“Well, I suppose you could type your reports on the computer…” Mr OldHeadteacher hesitates. I just wouldn’t want them to lose the personal touch.”
They won’t. I promise they won’t. They’ll be ever so personal, really. And faster, so much faster. Because I can type faster than I write. And I won’t mac a slip up in mi spilling. Computers cheque your spilling.
So I was allowed to do my reports on the computer. At that time, this meant two sides of A4 per child. The front had sections for the three Rs and Science; the back had everything else plus a section for “Personal and Social”. They took about an hour per child to write; longer for the tricky children when you had to think of positive ways of saying they were an idle cove who was a sandwich short of a picnic. And, of course, the reports had to be perfect so if you made a slip of the pen, the whole darn thing would have to be written again.

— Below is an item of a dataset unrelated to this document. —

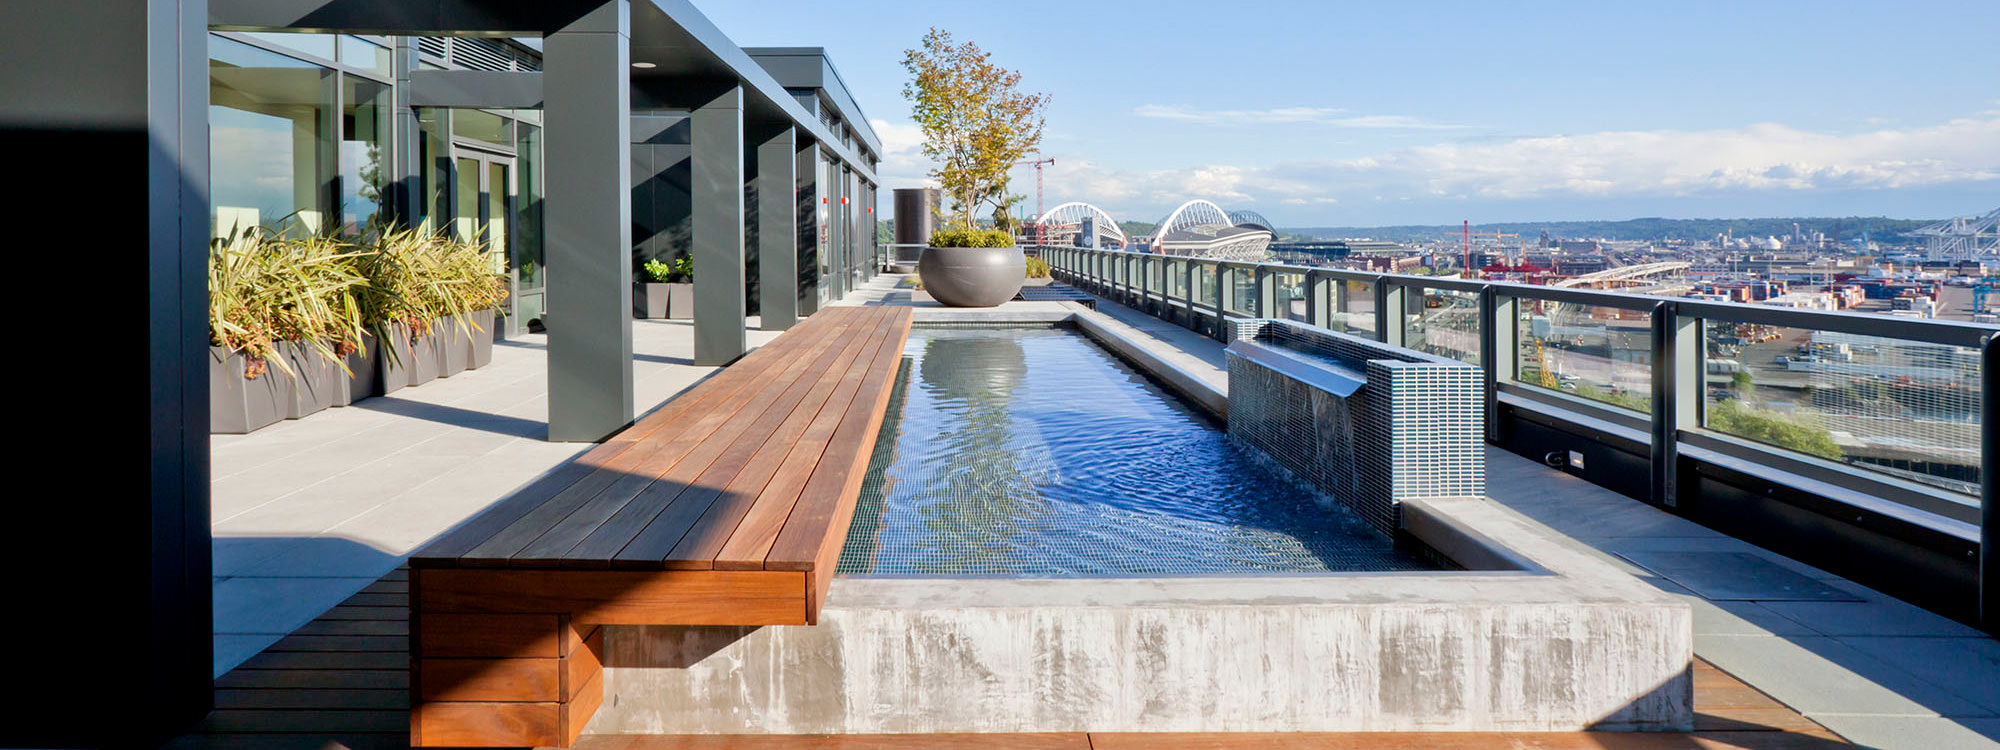 The Post Landscape Architecture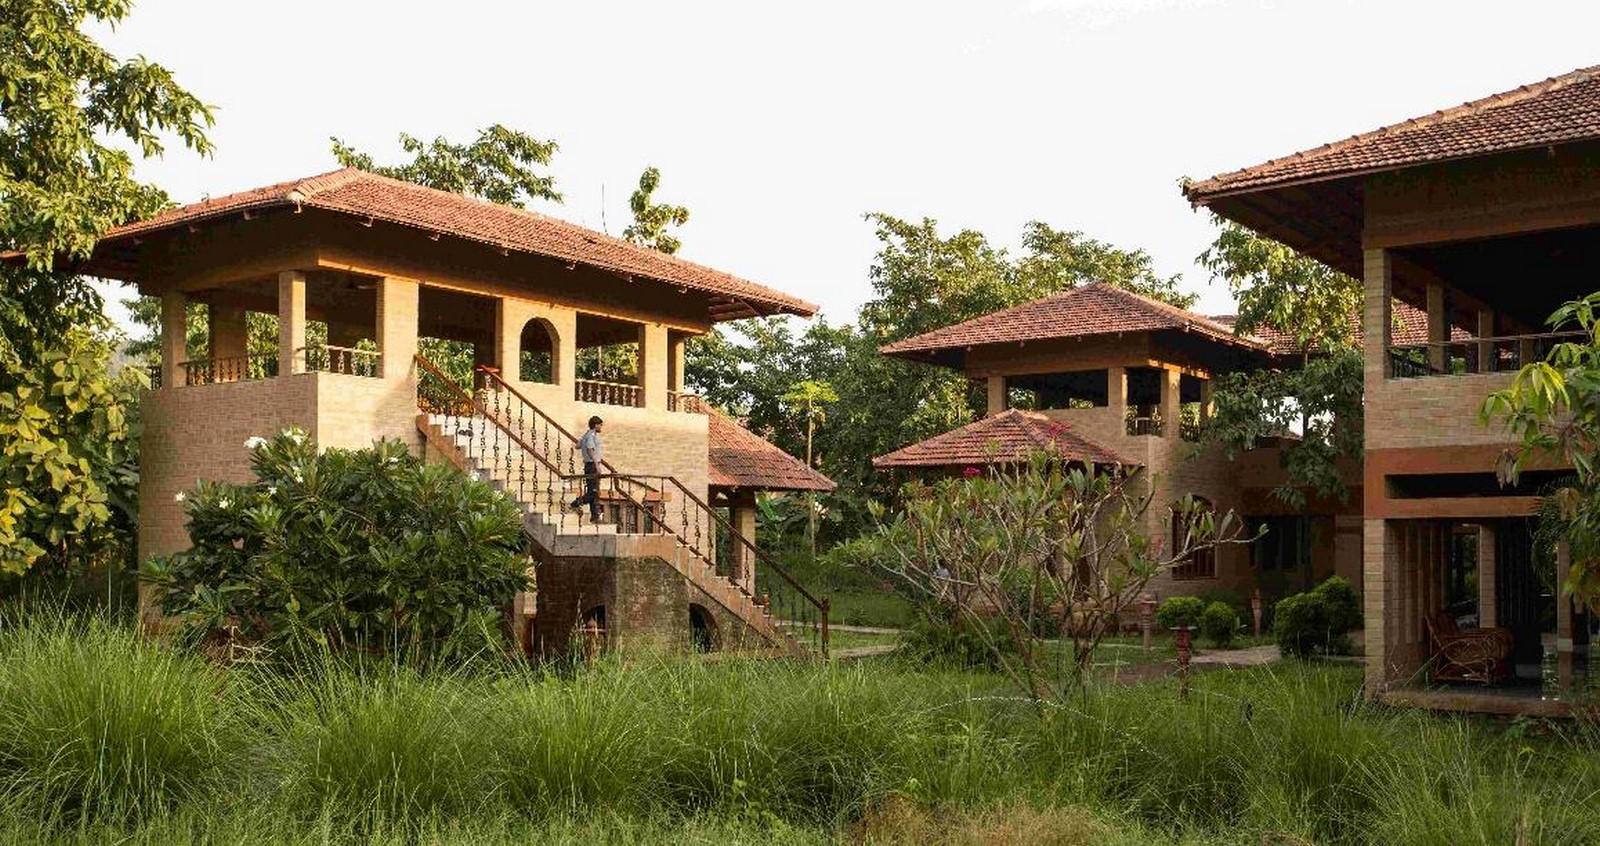 Govardhan Eco Village by Chitra Vishwanath: A Retreat for the Devotees - Sheet

I embarked on reports that year with the hope that, for once, June would mean sunshine and roses instead of evenings and weekends burning the midnight. Moreover, I had a secret weapon: Find and Replace. I tried it out with David and Chris, who were much on a par, academically.
Mr OldHeadteacher returned my reports with bemusement. Had I really meant that we were studying stories from ‘Davidtianity’ in R.E.?
As it turned out, reports still took as long when we’d all migrated to using the computer: because it was possible to fit more in the space. So we wrote more. Instead of saving time, it turns out that all too often the possibilities offered by technology simply raise the expectations.
As I write this, my teacher friends are ploughing through reports which are now at least four pages long. These include incorporating the children’s own comments on each subject, which were typed in school and have to be pasted into each individual report. The comments are delightful (“Well the thing is – and I’ve seen it with my own eyes – is that there are some people in this class and they’re falling in love and, well, it makes me feel sick!!”). But it all takes time, so much time…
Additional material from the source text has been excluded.